> _PROBLEM TO SOLVE_: Print the listing below exactly, minus its pictures.

> _RECORDED DATA_:
----
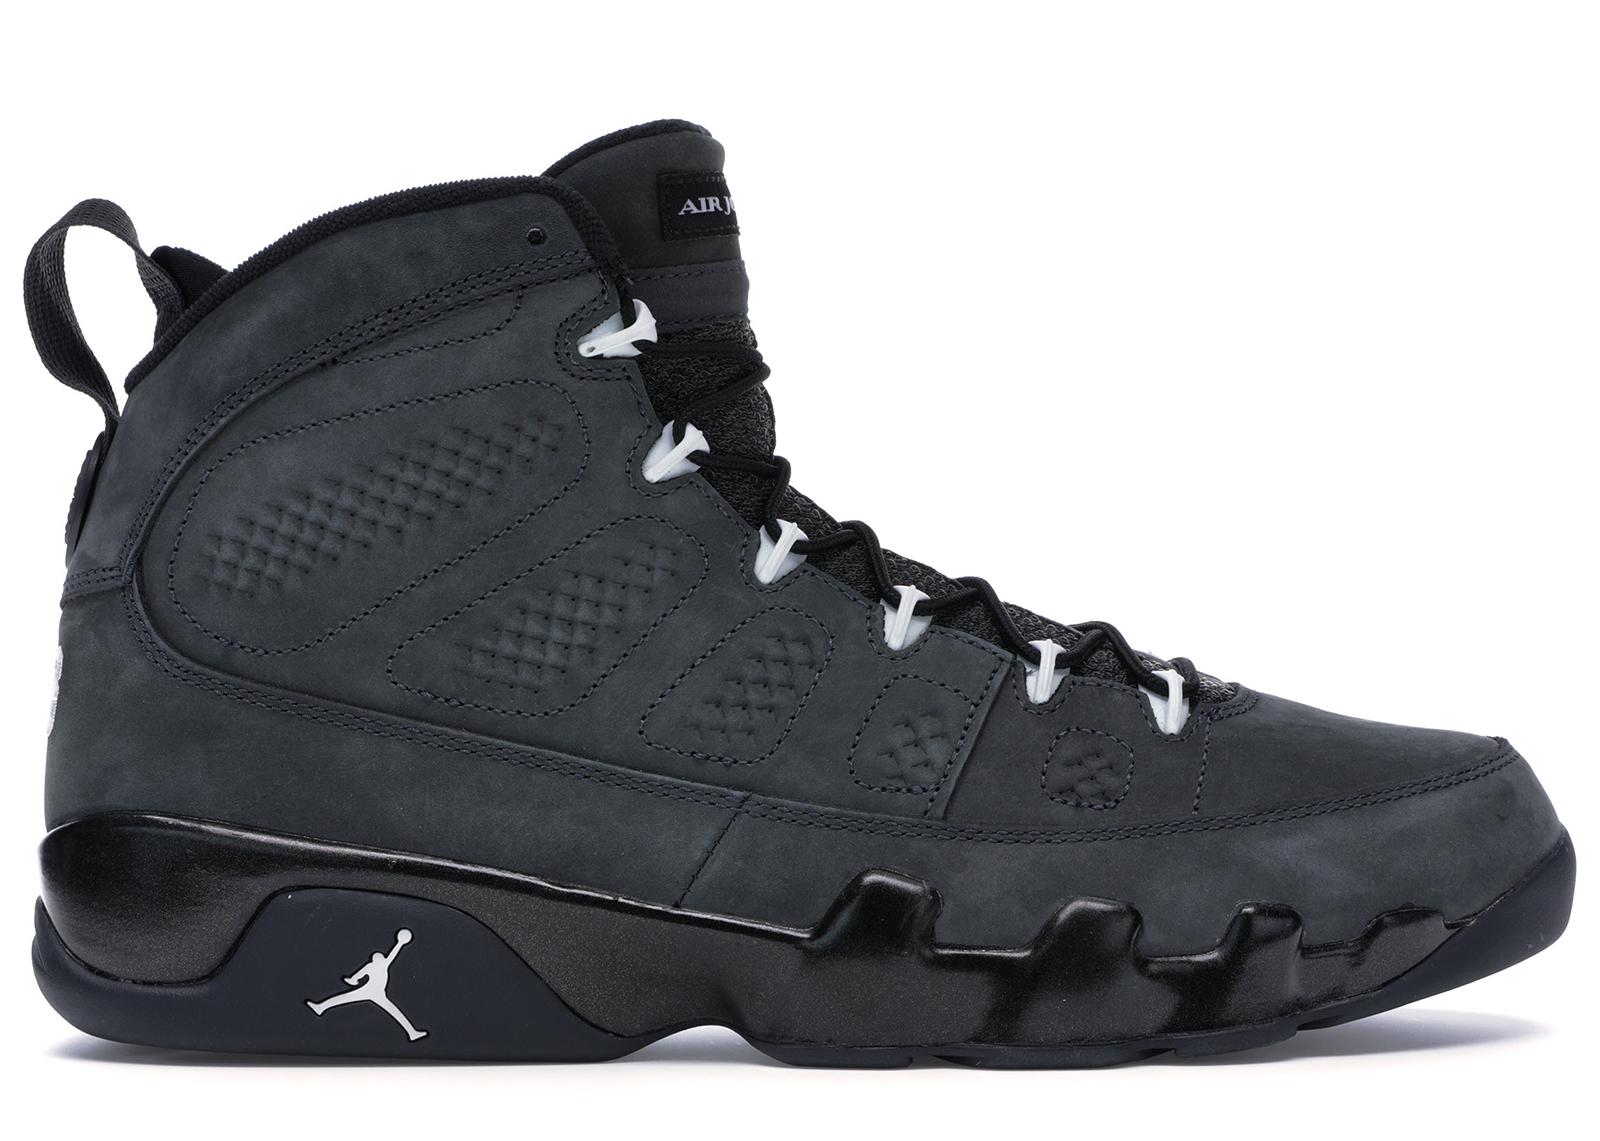 Jordan 9 Retro Anthracite
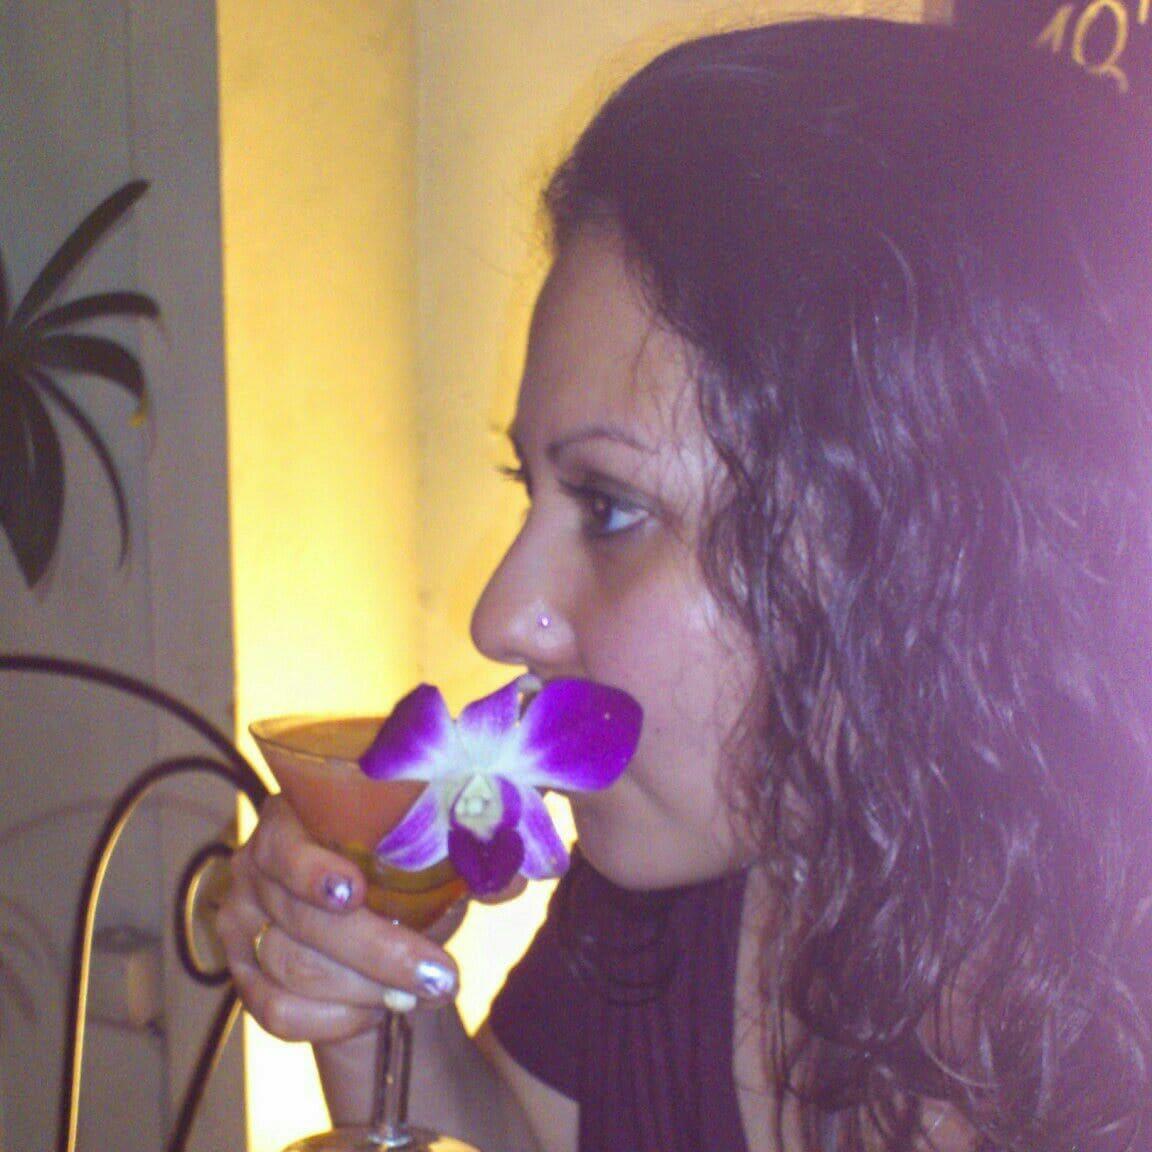 Giselle From Diemen, Netherlands
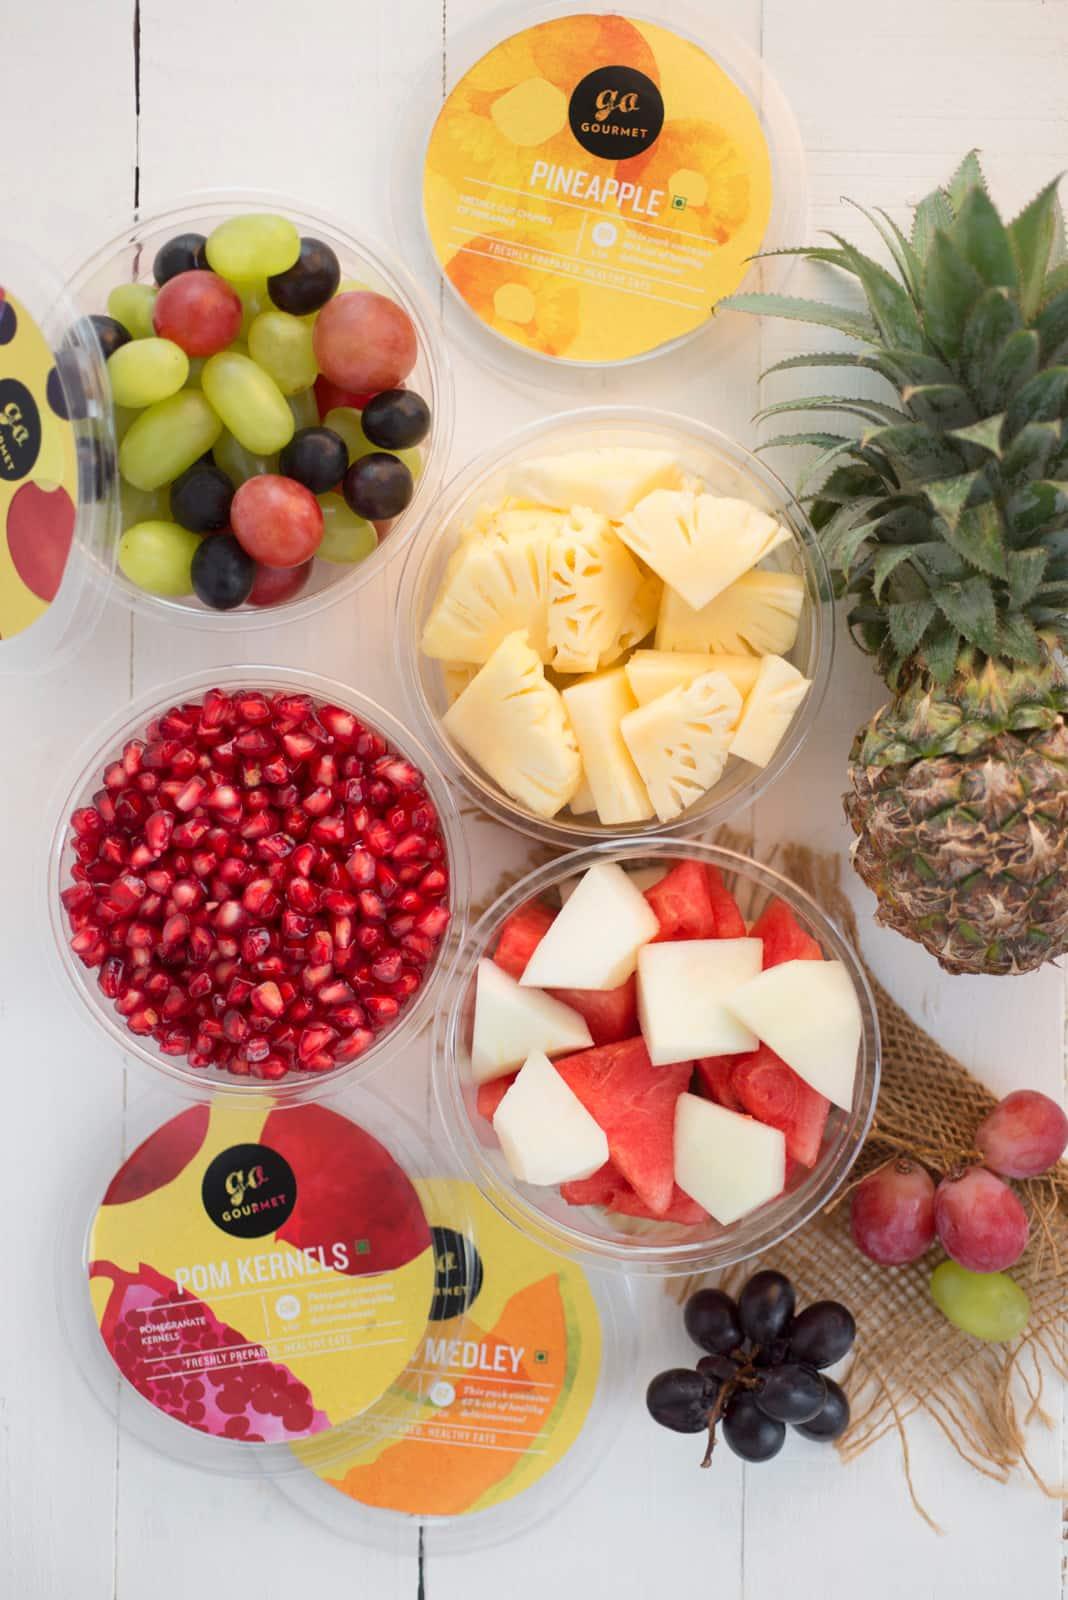 Healthy Cafes: Go Gourmet
----
> _COMPLETED EXERCISE_:
 Jordan 9 Retro Anthracite
 Giselle From Diemen, Netherlands
 Healthy Cafes: Go Gourmet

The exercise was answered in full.